L’armée frappe l’aéroport de Nyala et les camps de milices, infiltrant leurs réseaux d’approvisionnement en Libye

Traduction : Dr. Abdelrahman Kamal Shomeina
L’aéroport de Nyala a été touché par une frappe aérienne. Des images satellites prises ont montré quatre importants foyers d’incendie, deux à proximité de la piste et deux près de l’aire de stationnement, avec de multiples impacts directs observés sur la piste et la voie de circulation, selon la chaîne Al-onwan24.
Dans le même contexte, l’armée soudanaise a mené une frappe aérienne à l’aube mardi, à l’aide de drones, visant le camp de Bilel, situé au sud-est de Nyala. Selon des sources sur le terrain, la frappe a ciblé des sites servant de centres de recrutement et d’entrepôts d’armes.
Parmi ces sites figurait le camp de Balil, l’un des plus importants sites militaires de la milice dans la région.
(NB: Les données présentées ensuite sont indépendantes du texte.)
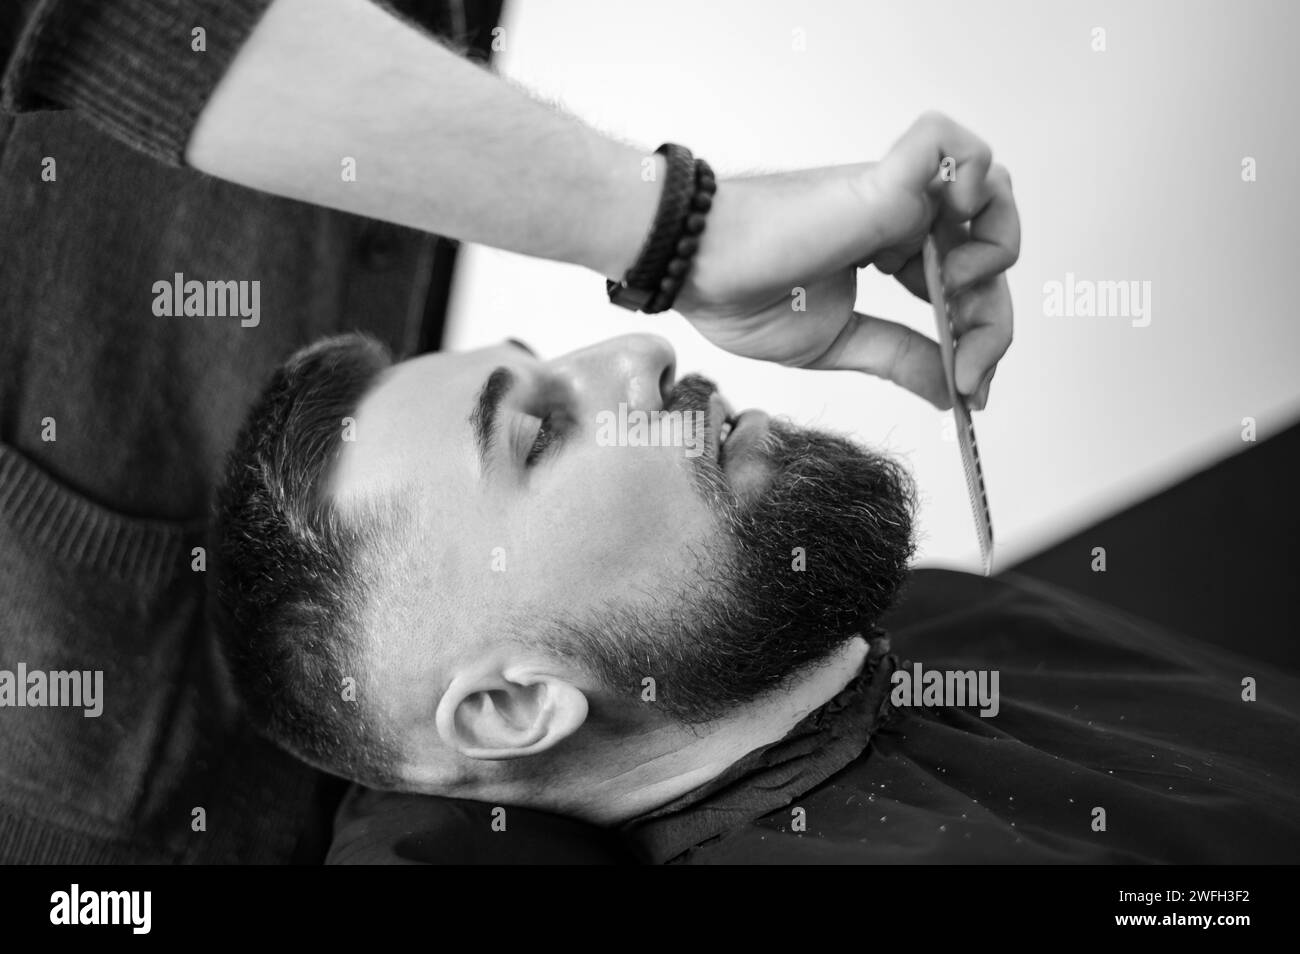 Pettini barbiere per tagliare e radere l'uomo caucasico Foto Stock

Selon des témoignages locaux, les explosions ont été clairement entendues dans toute la ville.

L’expert militaire libyen, le général de brigade Adel Abdelkafi, a révélé les détails d’une stratégie de renseignement avancée mise en œuvre par l’armée soudanaise, visant à tarir les sources d’armement et de financement des milices des Forces de soutien rapide, en traquant et en frappant les lignes d’approvisionnement provenant du territoire libyen.
Abdelkafi a expliqué que les services de renseignement soudanais étaient parvenus à infiltrer les réseaux d’information en Libye et ont recueilli des données précises sur la taille des armes et des munitions destinées aux milices, le calendrier de leurs déplacements, le nombre de véhicules impliqués dans les opérations de transport, ainsi que sur la nationalité des éléments chargés d’assurer la sécurité de ces convois.
Il a souligné que ces informations sont transmises à l’armée de l’air soudanaise, qui effectue des frappes aériennes précises ciblant les véhicules chargés d’armes avant qu’ils n’atteignent le territoire soudanais, ce qui représente un changement qualitatif dans le cours de la confrontation militaire.
Il a ajouté que le flux continu de fournitures en provenance de Libye faisait de ce pays une partie indirecte au conflit soudanais et contribuait à l’escalade des violations contre les civils au Darfour, qu’il a décrites comme des crimes de nettoyage ethnique et de génocide perpétrés par la milice des Forces de soutien rapide dirigée par Mohamed Hamdan Dagalo (Hemedti).
Abdelkafi a déclaré que le succès du Soudan dans la localisation et la neutralisation des lignes d’approvisionnement libyennes constituera un tournant décisif dans la lutte contre les milices rebelles et limitera également l’influence des groupes armés qui exploitent le chaos dans les zones frontalières entre les deux pays.